Three years later, in Canada, while working at the Sudbury Neutrino Observatory, McDonald found that neutrinos coming from the sun also switched identities.
"A far-reaching conclusion of the experiments is that the neutrino, for a long time considered to be massless, must have mass," the academy said.
McDonald said that scientists would still like to know the actual masses of the various forms of neutrino. And ongoing experiments are delving into whether there are other types of neutrinos beyond the three clearly observed.
The idea that neutrinos could transform from one type into another was first put forward by the Italian physicist Bruno Pontecorvo in the late 1950s, but scientists' understanding of the process was rather vague until Kajita announced his discovery in 1998, said Antonio Ereditato, director of the Albert Einstein Center for Fundamental Physics at the University of Bern, Switzerland.
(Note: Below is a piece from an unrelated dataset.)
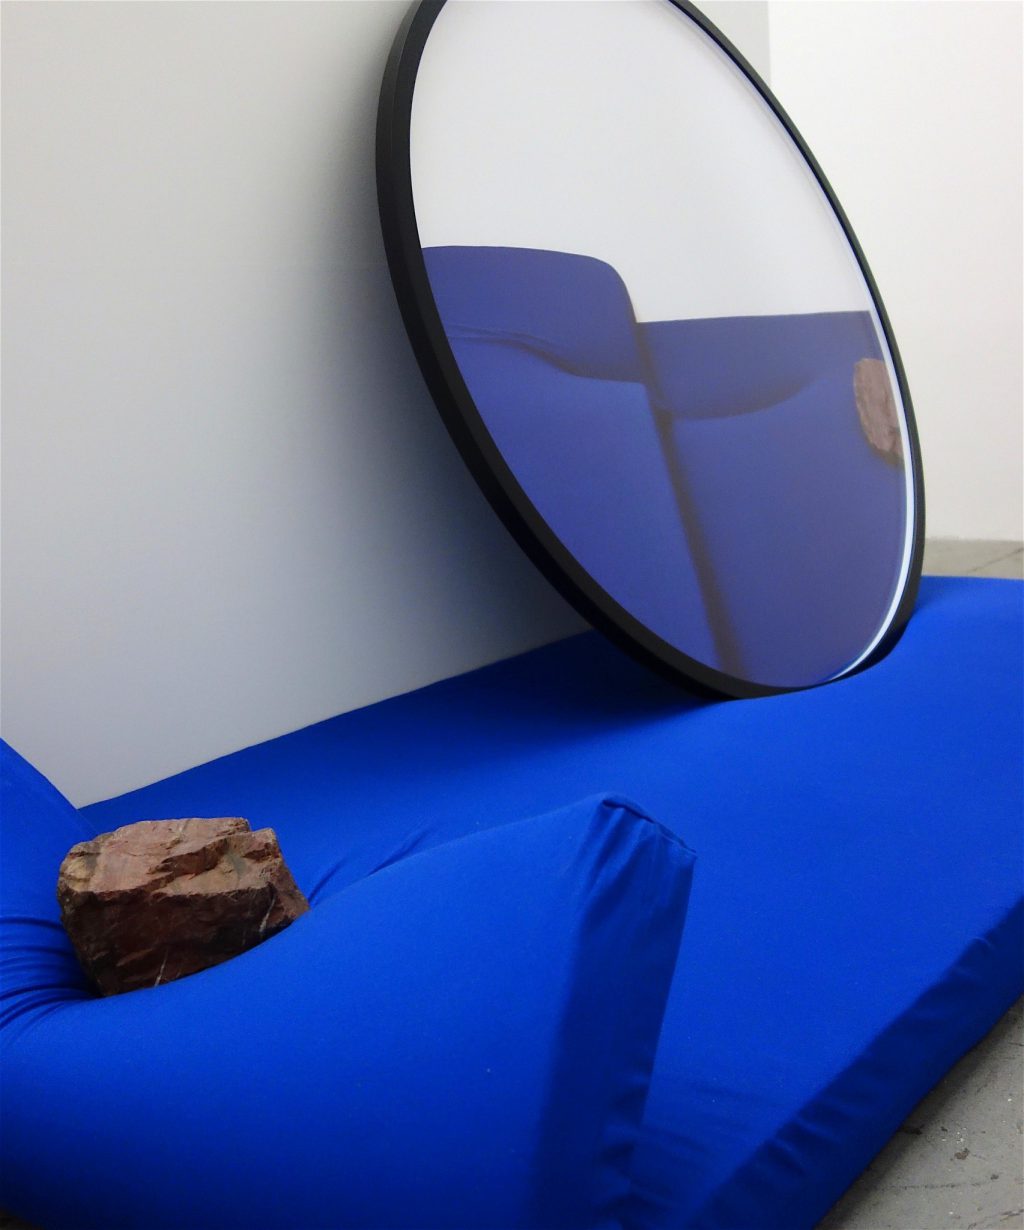 磯谷博史 ISOYA Hirofumi 「視差的仕草 (ブルー、レッド)」 “Parallax Gesture (Blue, Red)” 2016, detail. Framed Lambda print, blue mattress, red sedimentary rock of Chichibu, white wall

"This was a big shock because he proved in a statistically significant manner ... that neutrinos oscillate," said Ereditato. "Then Art McDonald explored another channel using solar neutrinos. It came after Kajita but he also proved neutrino oscillation in another channel. The two deserved this award."
Neutrinos are the second-most abundant particles in the universe after photons, "so any property of neutrinos can have dramatic repercussions on the life of the universe and on its evolution," he said. "This is really one of the milestones in our understanding of nature."